Они вернулись в глебовскую комнату, сели на кушетку, застеленную байковым одеялом. Глебов замкнул дверь и включил настенную, в бумажном колпачке лампу над изголовьем. Сколько вечеров и ночей провел он под этой лампой, валяясь на кушетке, читая, мечтая! Он привалился плечами и затылком к дощатой стене — одна из его излюбленных сибаритских поз, что удостоверялось сальным следом головы на обоях, — а Соня села рядом, забравшись глубоко во впадину старой кушетки, прижавшись к нему, положив голову ему на грудь, и он обнимал ее левой рукой, а правой поглаживал бедро в шуршащем чулке. Над чулком была полоска голой кожи. За деревянной перегородкой продолжался тягучий спор. Было слышно каждое слово. Глебов боялся, что Клавдия скажет что-нибудь ужасное, непоправимое, чего Соня не должна знать. Он гладил ладонью принадлежащую ему и совершенно доступную полоску прохладной кожи и говорил о том, что его двоюродная сестра чванлива, невоспитанна, окончила всего семь классов и техникум и что ему с нею не о чем говорить. Она работает мастером на трикотажной фабрике, а Коля, ее муж, там же наладчиком.
— А я эту женщину пожалела… Она такая ожесточившаяся, смотреть больно… — сказала Соня. — И тетю твою мне жаль, она хорошая, по-моему, красивая… И девочка, чудная, но слабенькая… Всех мне жаль, всех, всех! Это плохо, да? Это не нужно?
— Нет, почему же? Это хорошо. И нужно, — сказал Глебов, продолжая поглаживать кожу над чулком, и, чтоб ладони было удобней, отстегнул застежку и спустил чулок. Он мог бы делать все, что хотел. Она взяла его левую руку за пальцы и прижала к губам. Голоса за перегородкой не умолкали, от этого было тихое раздражение, и все же поверх всего он испытывал громадную покойную радость: оттого, что женщина была покорна. И, главное, женщина необыкновенная. Об этом он догадывался и это внушал себе, приказывая своей ладони получать наслаждение от поглаживания бедра необыкновенной женщины, которая целиком принадлежала ему.
Прошло лето. Наступил последний для Глебова, пятый курс.
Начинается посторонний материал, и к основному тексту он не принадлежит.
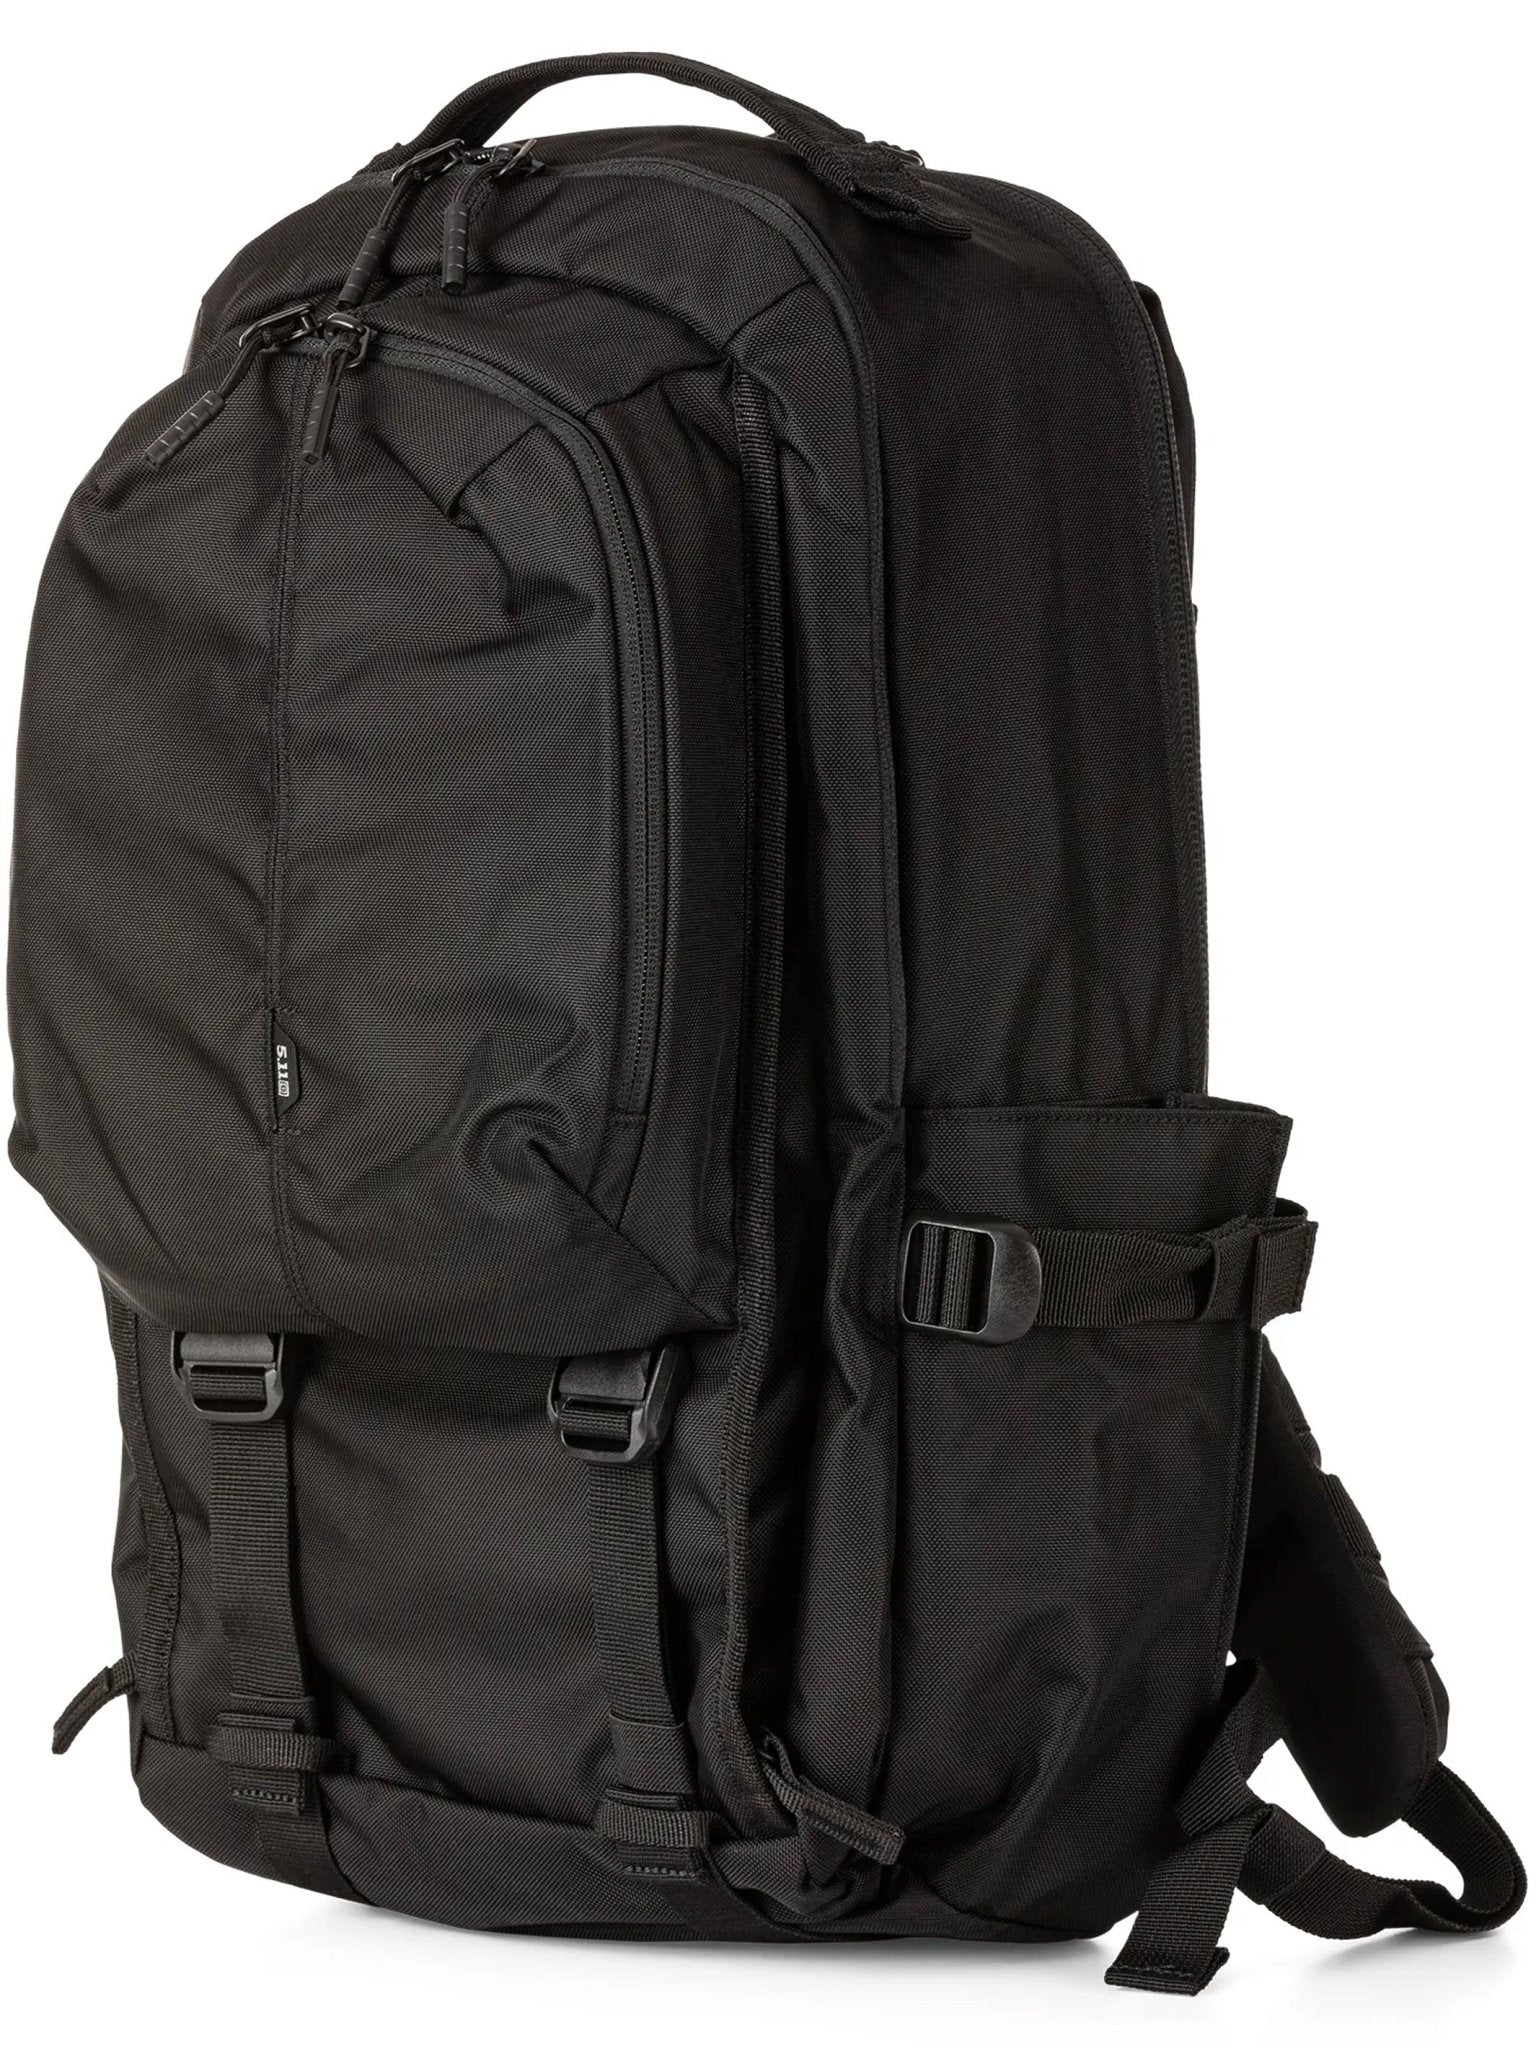 4elementsclothing5.11 Tactical5.11 Tactical - 5.11 Tactical LV18 BACKPACK 2.0 30L - Style 56700Bag56700-019

И вот что случилось осенью — было уже холодно, чуть ли не снег, вероятно, ноябрь, — когда Глебов изо всей мочи гнал диплом.
Попросили зайти в учебную часть. Там был такой Друзяев, недавно назначенный, Глебов знал его мало. Расспрашивал о дипломе, что да как. Глебов писал о русской журналистике восьмидесятых годов. Тема неохватная, тонул в материалах, цитатах, в тысячах газетных страниц.